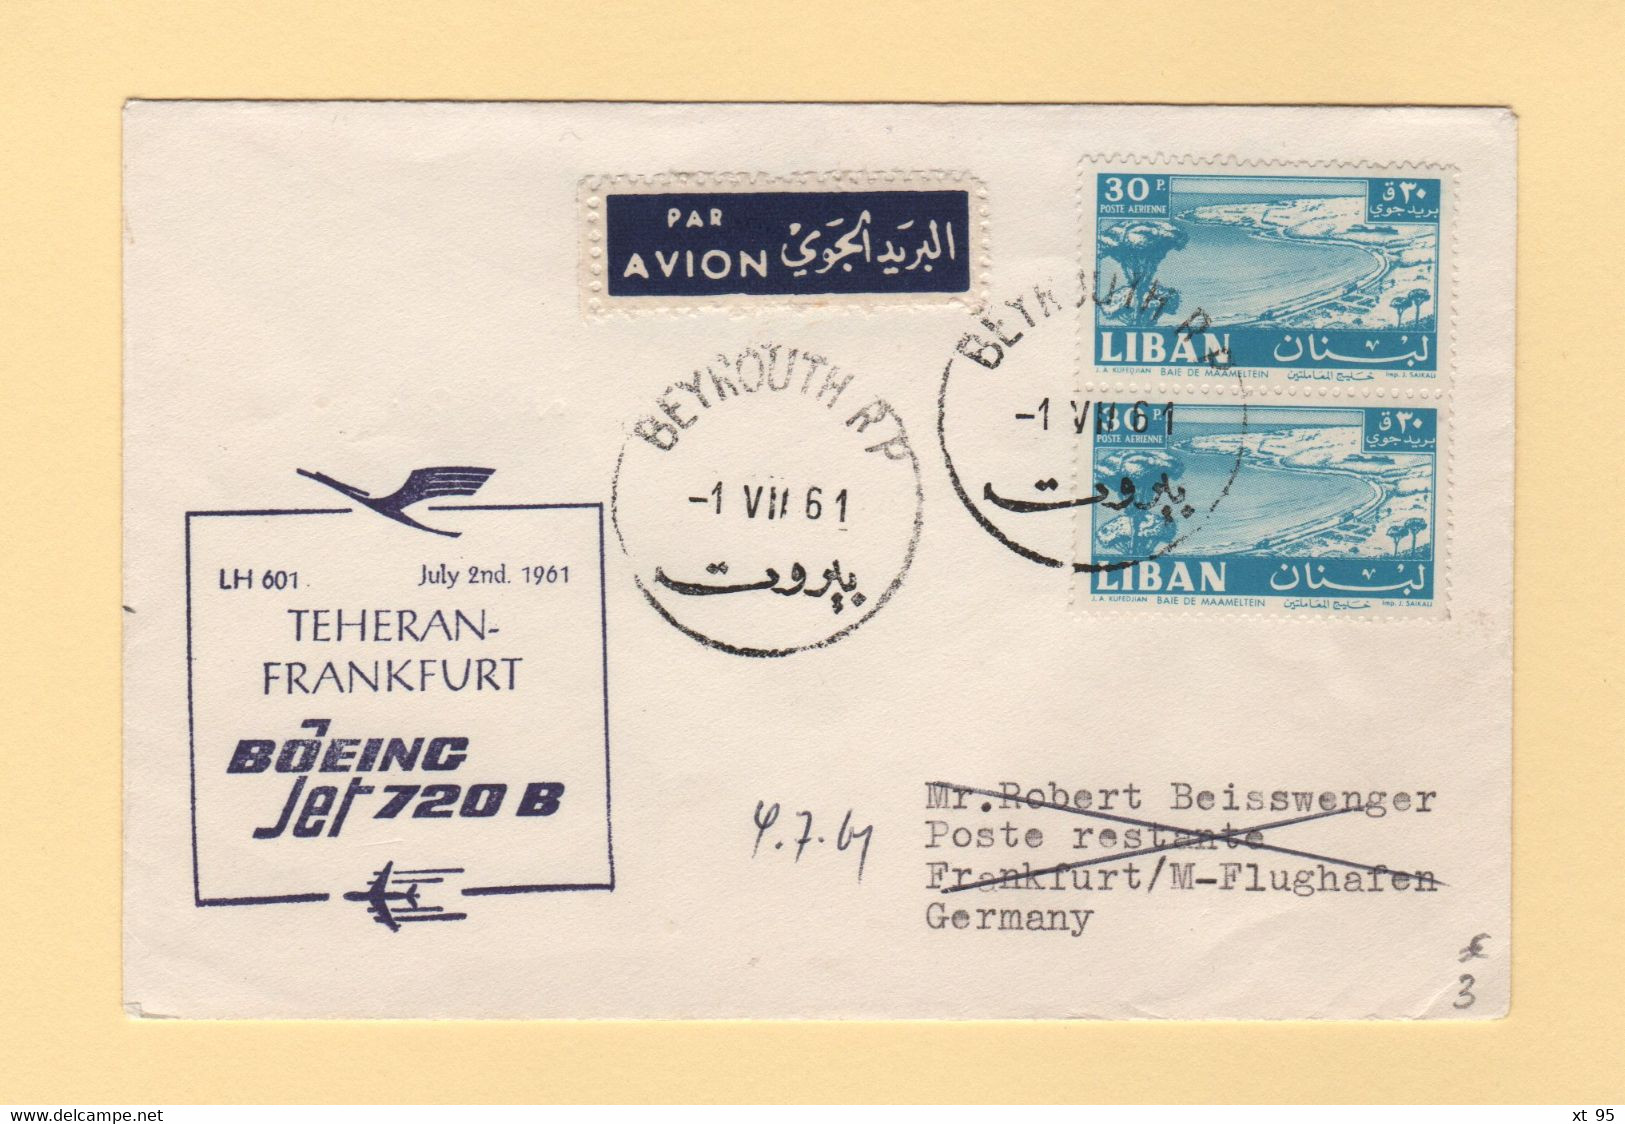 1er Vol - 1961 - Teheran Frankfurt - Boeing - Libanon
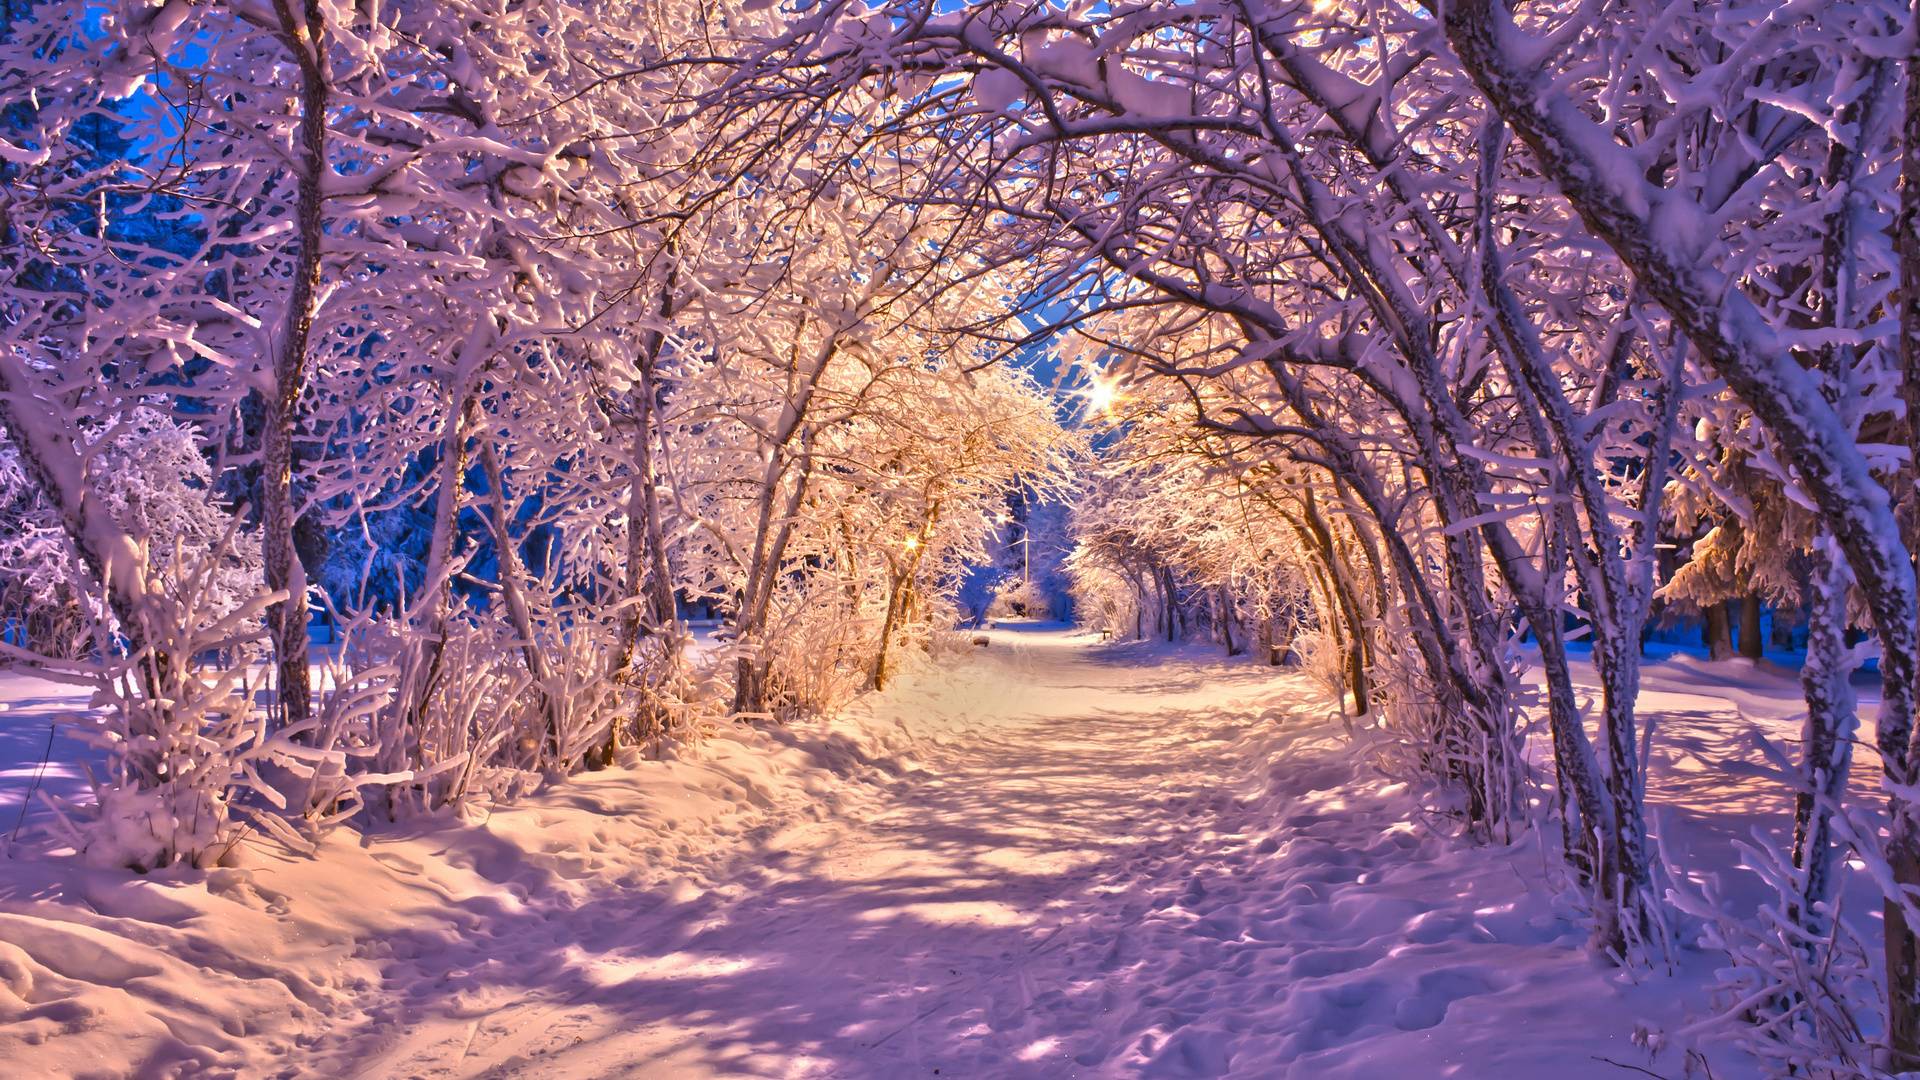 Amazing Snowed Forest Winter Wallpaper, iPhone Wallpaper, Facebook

____

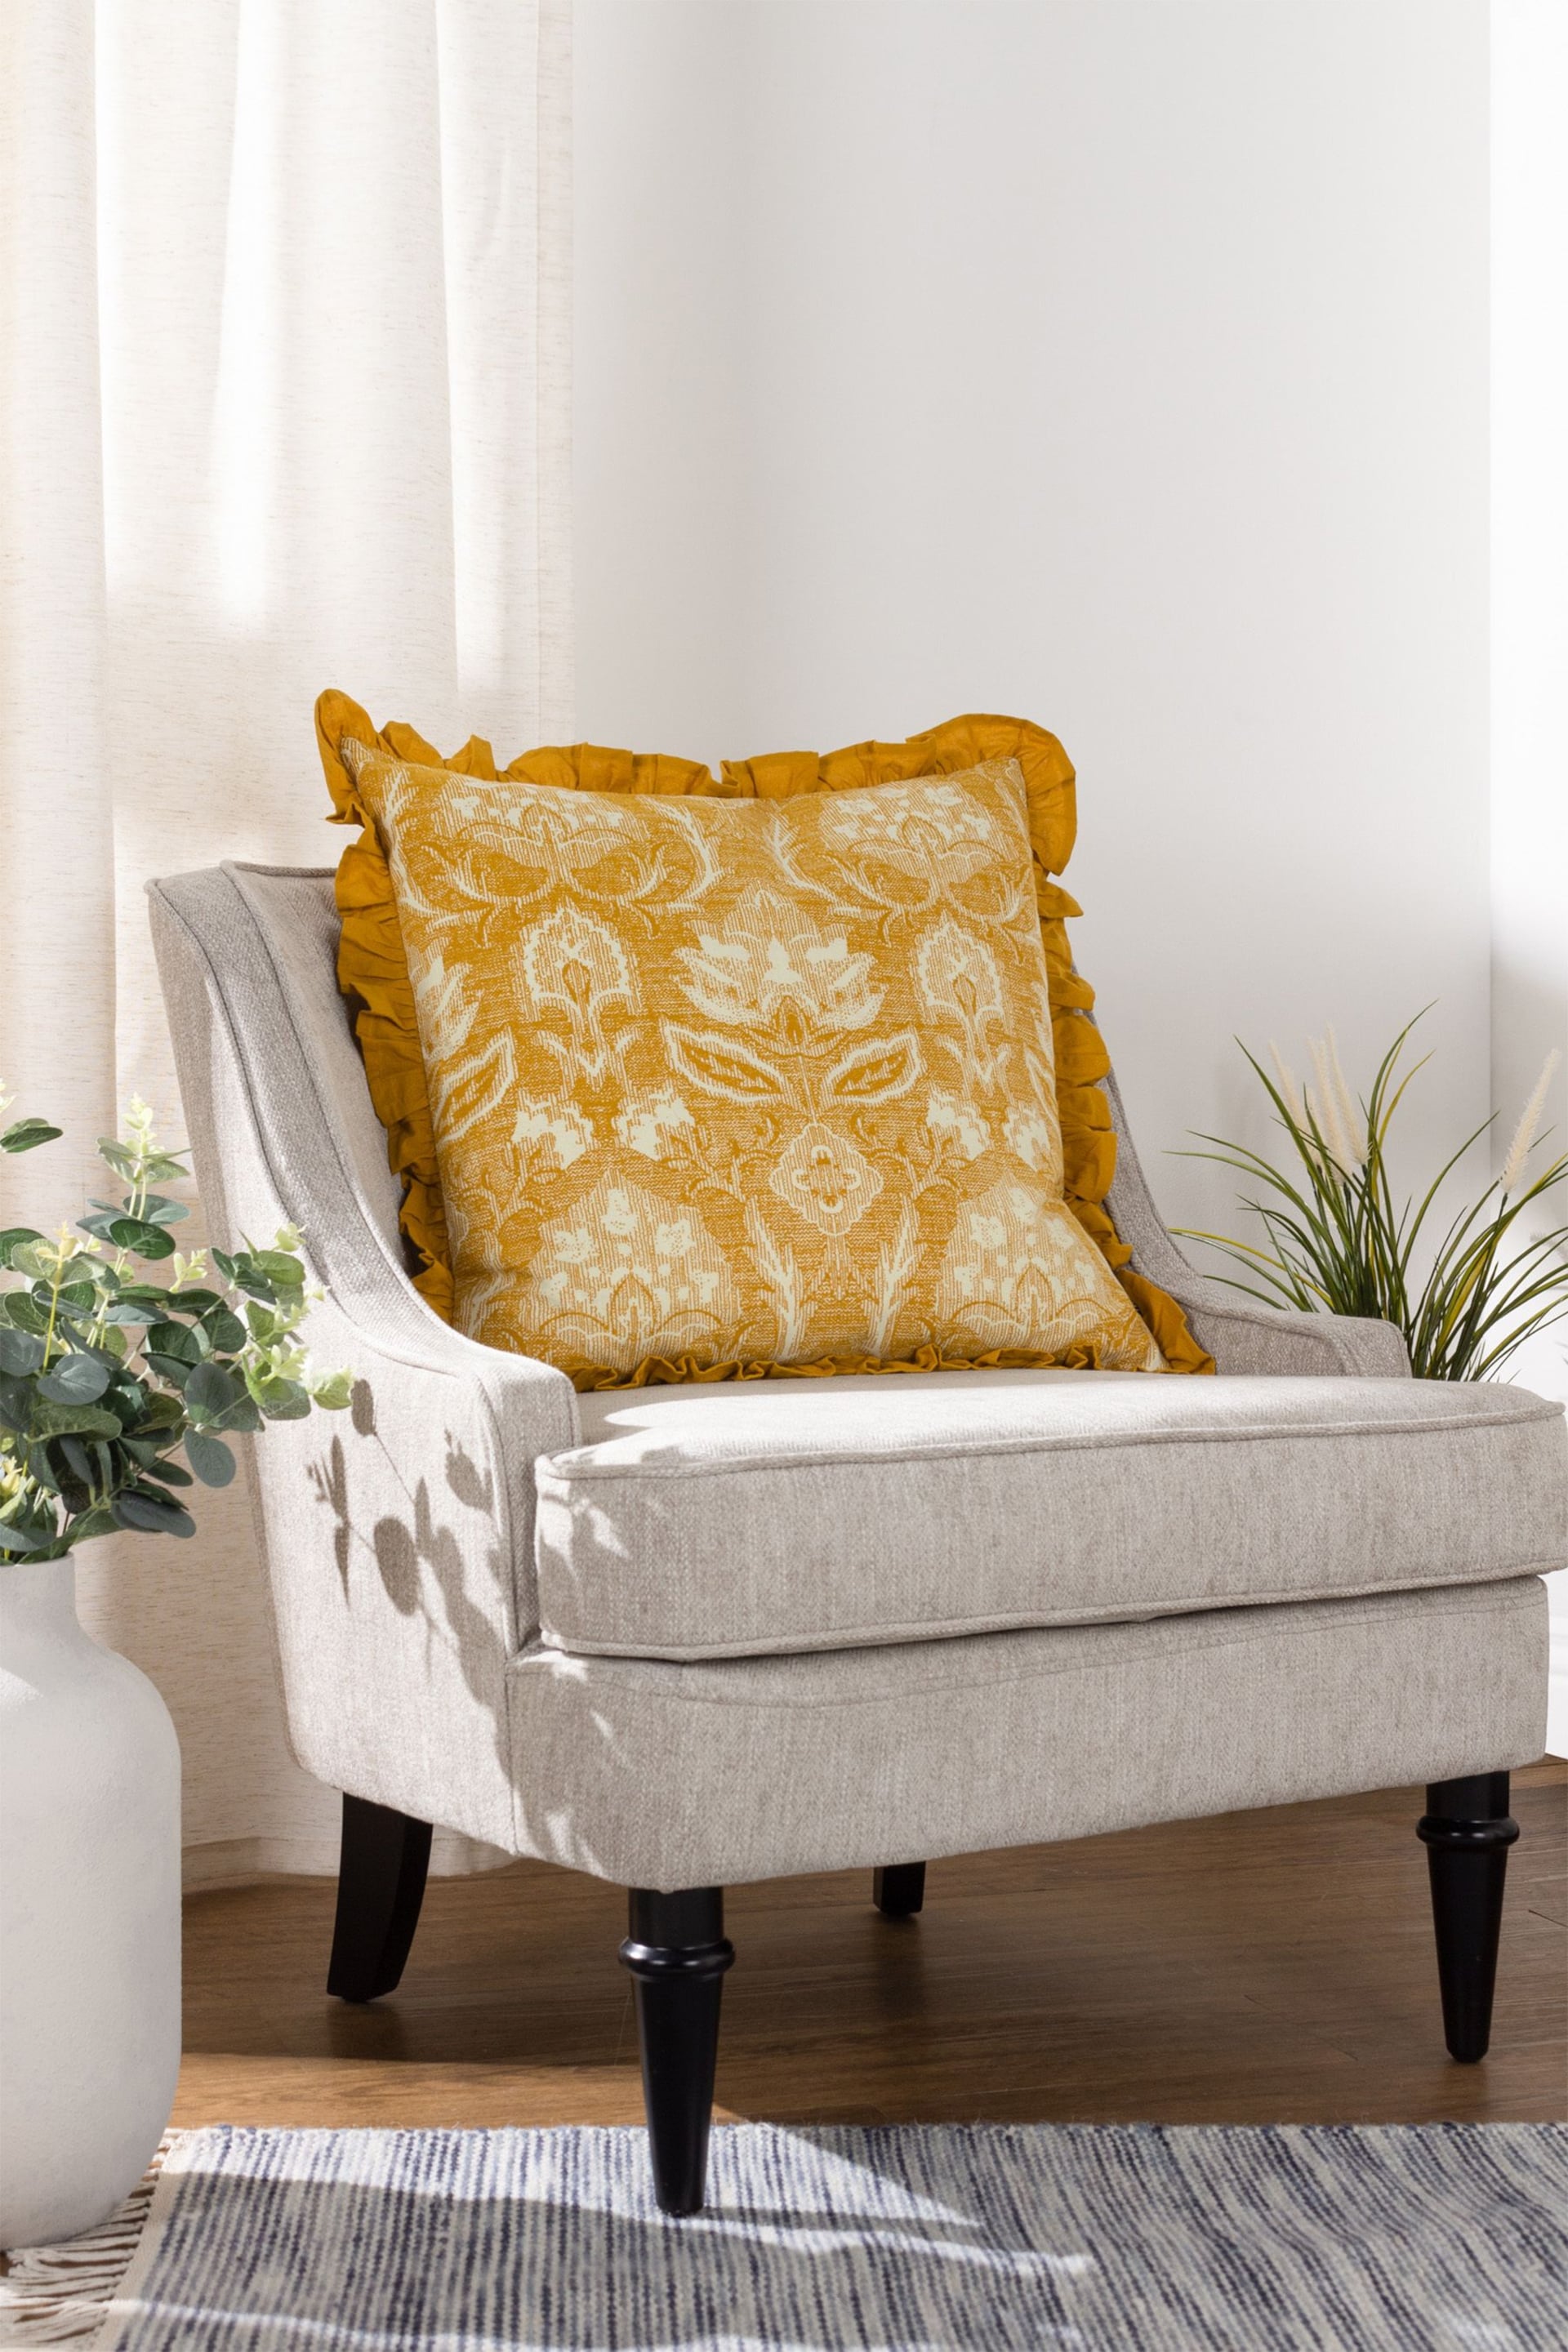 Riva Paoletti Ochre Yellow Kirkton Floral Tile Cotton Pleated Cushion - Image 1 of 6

____

:: TASK OBJECTIVE ::
Give again the lines of the listing above that run from the one with "1er Vol - 1961" up to and including the one with "Amazing Snowed Forest". Keep them exact and omit the pictures.

:: TASK ANSWER ::
 1er Vol - 1961 - Teheran Frankfurt - Boeing - Libanon
 Amazing Snowed Forest Winter Wallpaper, iPhone Wallpaper, Facebook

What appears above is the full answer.